どういうことかと言えば、「自分の仕事に付加価値をつける」ということです。右から回ってきたボールを単純に左にパスするのではなく、「何か一つ価値を“オン”して次の人に渡そうじゃないか」というわけです。
それを社員一人ひとりが心掛けていれば、チーム、そしてグループ、そして会社全体のアウトプットは必ず大きくなっていく。付加価値を“オン”する。そうじゃないと自分の存在意義がないですよと言っています。そういう意識を持てれば、100回に1回くらいは大きなイノベーションを生んで、ジャンプできると思っています。
横山:当社には40万人の社員がいますが、一人ひとりが改善の気持ちを持ってほしいと思っています。もちろん、新しい事業分野を生み出す人も必要なわけですが、大多数の人には既存事業の革新をそれぞれの仕事の中でやってほしいのです。
そうした日々の改善、日々の創意工夫が、結果として企業価値の向上につながると思います。直接的には社内の効率化につながるわけですが、それによって、お客様の利便性向上にもつながります。だからこそ、それを一人ひとりに心掛けてほしいのです。社員40万人が日本全国で創意工夫をして、それが足し算になって表に出てくれば、ものすごい化学変化を起こせると思います。

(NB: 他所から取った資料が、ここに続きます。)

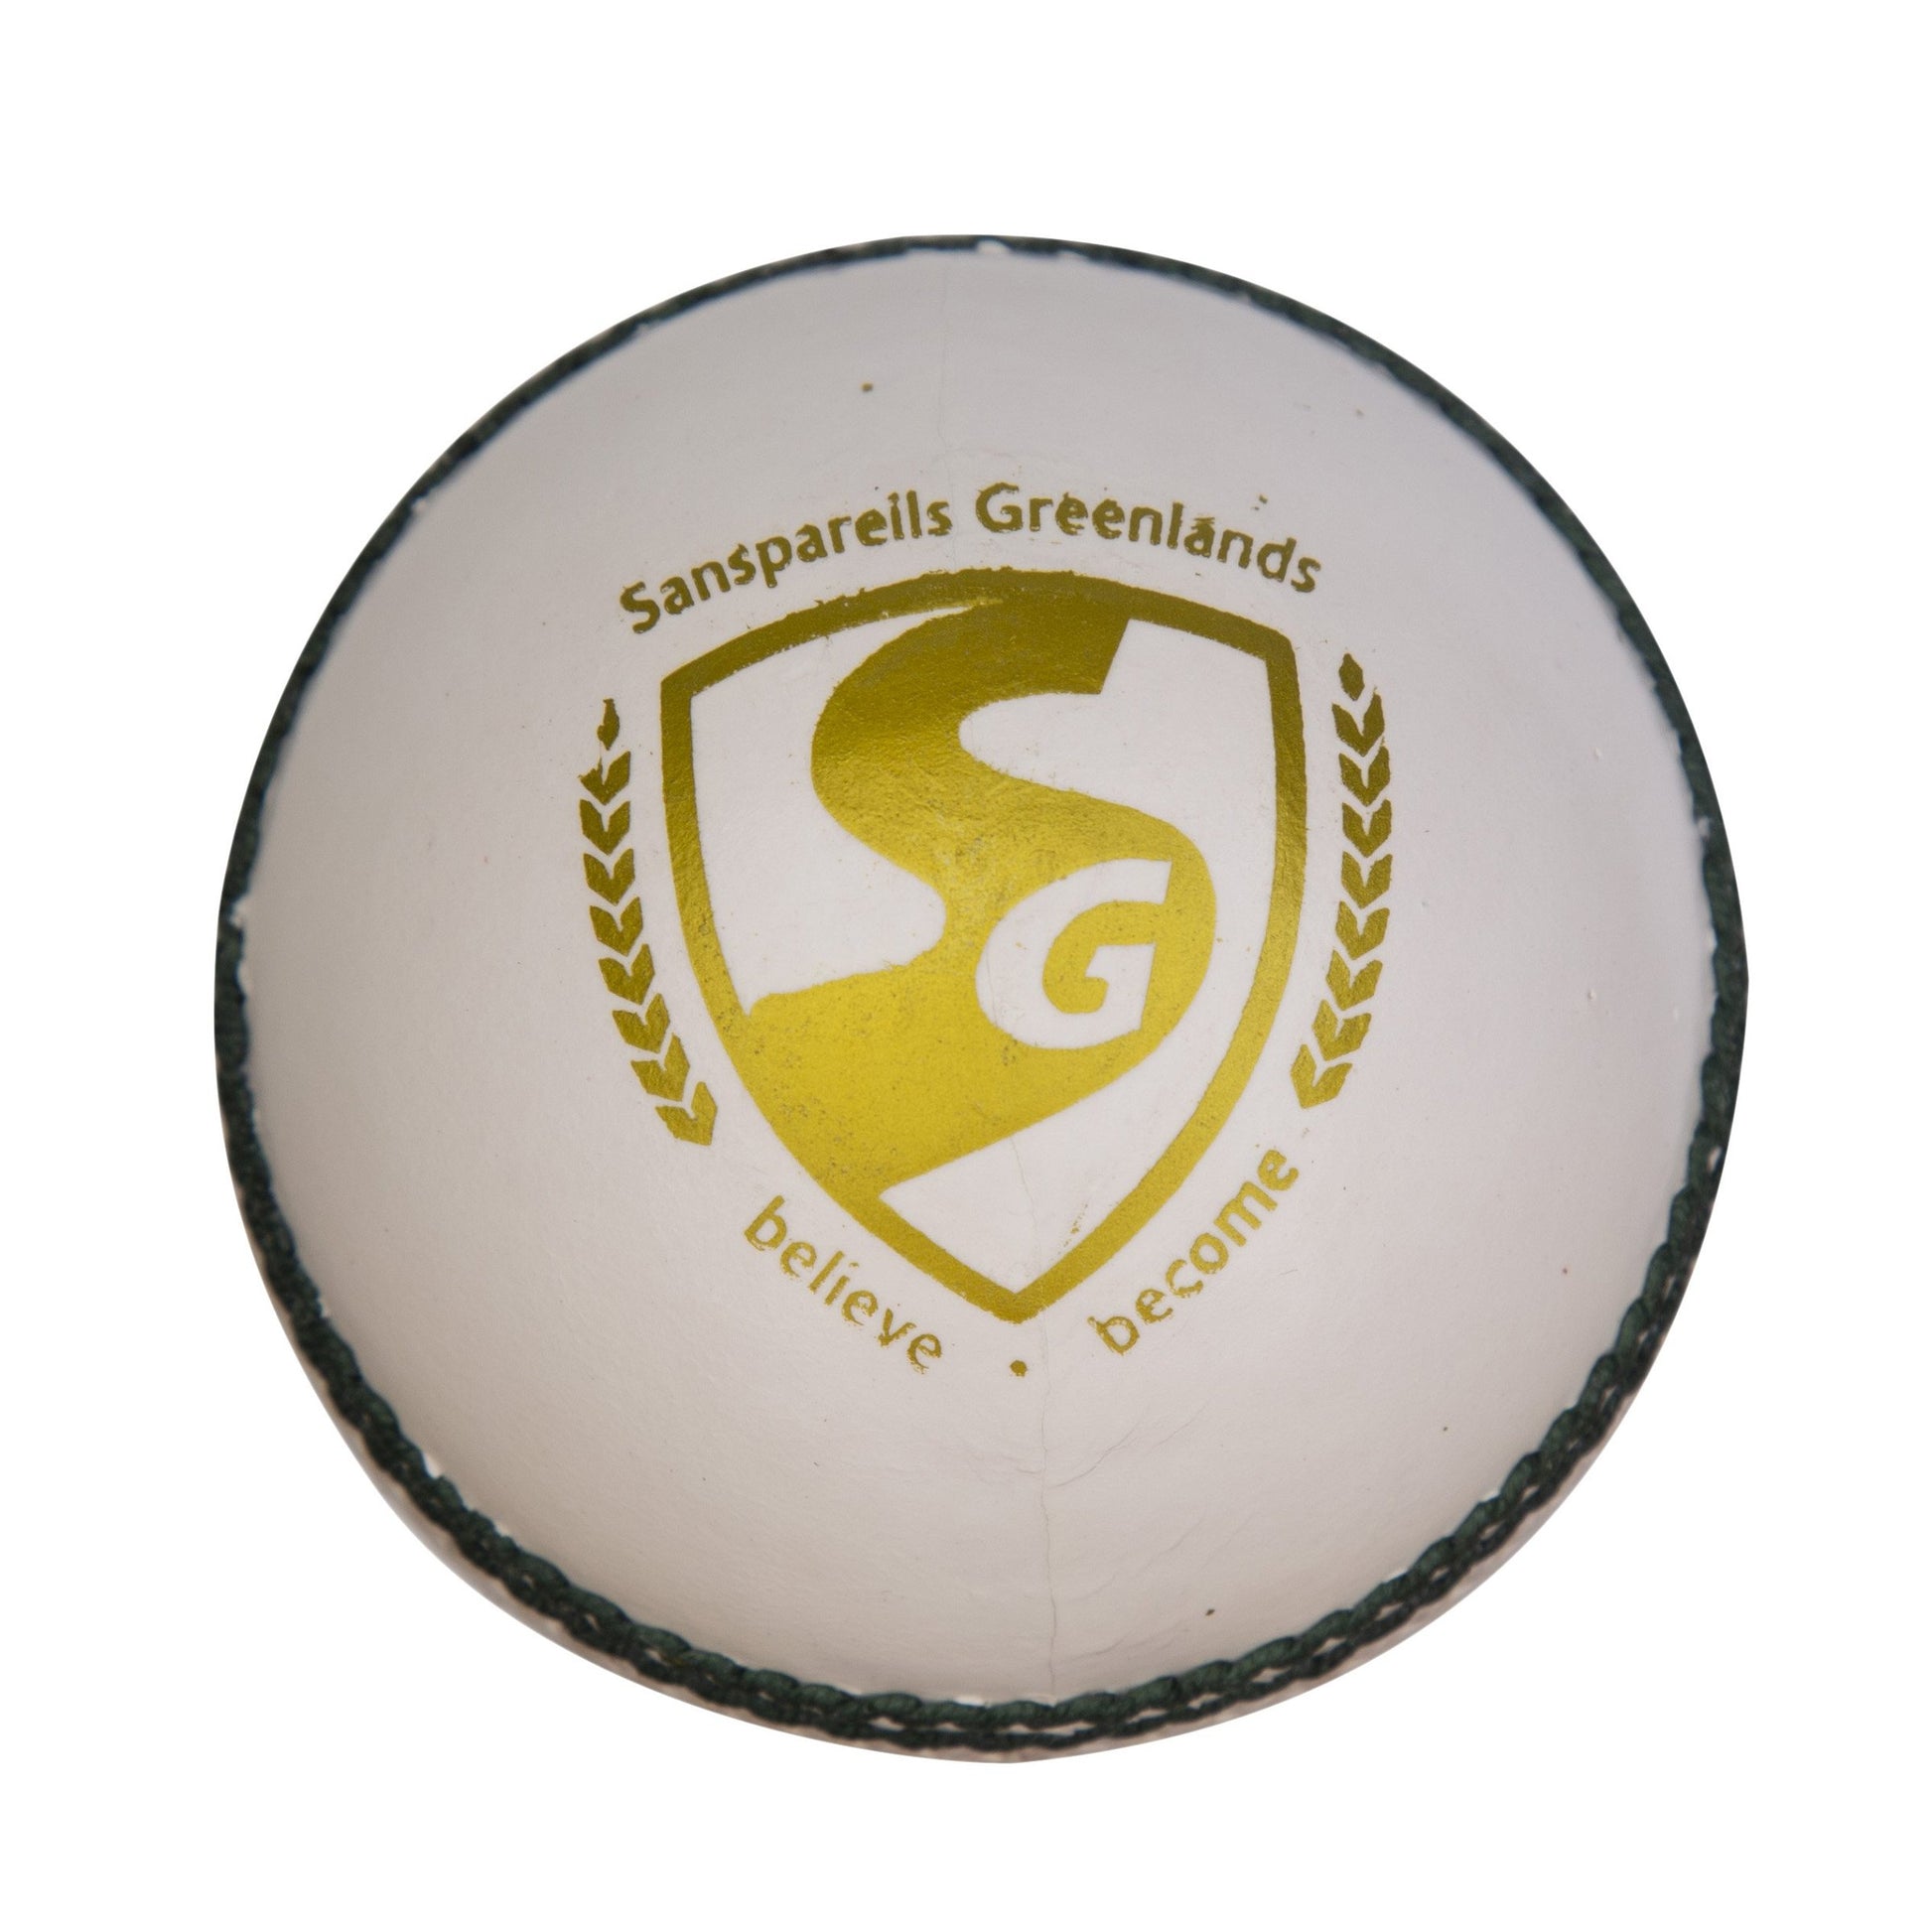 SG Club™ White High Quality Four-Piece Water Proof Cricket Leather Ball
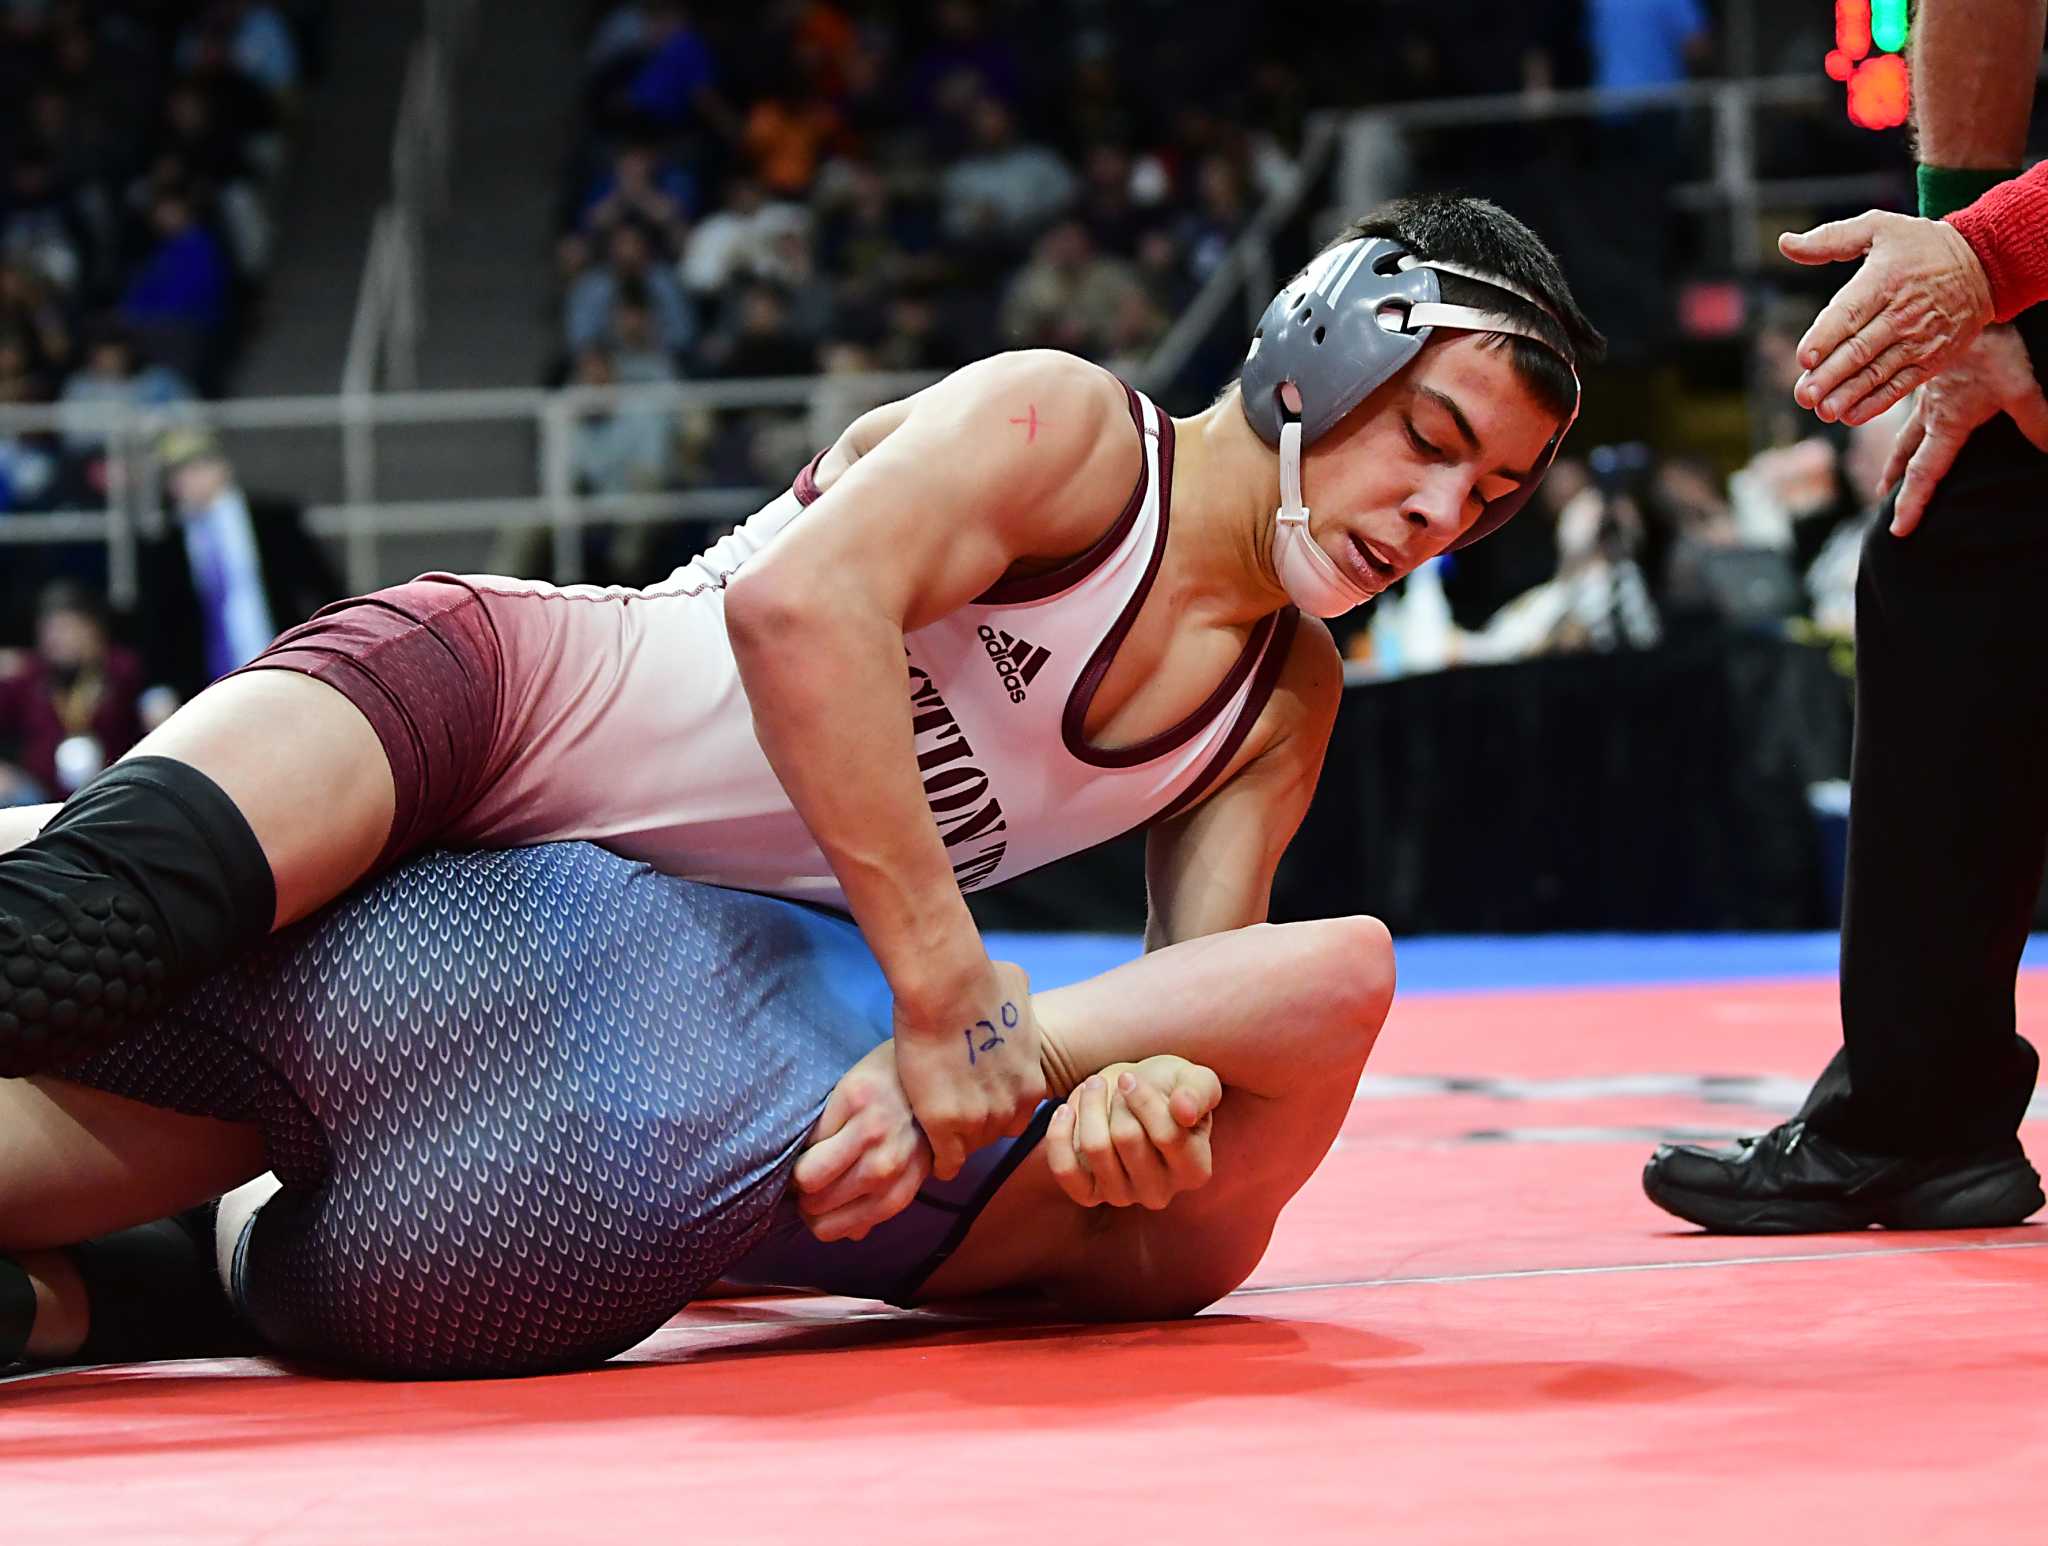 Burnt Hills wrestling team eager for chance to win title

そのためには、社員が会社を愛しているかというのが、実は最も大事な観点だと思っているのです。この辺が日本企業には薄れてきているのではなかろうかと、そこが心配です。社員に愛されない会社は、延命できないと思います。社員が満足して、会社と共に同じ方向感を持って働いていくと、気持ちがお客様に向かっていく。それが、イノベーションを興すことにもつながると考えています。
イノベーションとは新しい需要を作ることであり、その基点には社会的使命の全うが必要であると主張される角倉社長は、「変革と成長」のために、組織を変え、方向性を明確にした。自らも研究者であるがゆえに、ゼロから1を生み出すことの重要性を心底、理解されている。
一方、創業が前島密まで遡る日本郵便は、日本で最大の社会インフラを有している。前島密が掲げた社会的使命がデジタル社会の到来でより進化していくなか、スタートアップとの連携に社長が自ら立ち会い、21世紀に必要とされる新たな社会インフラの構築に向けて大きく舵を切っていこうとされている。
両社長に共通しているのは、自前主義により成長の機会が削がれるリスクを冷徹に見極め、多様性を味方にしようと着実に手を打っておられることであり、実に愉快な対談だった。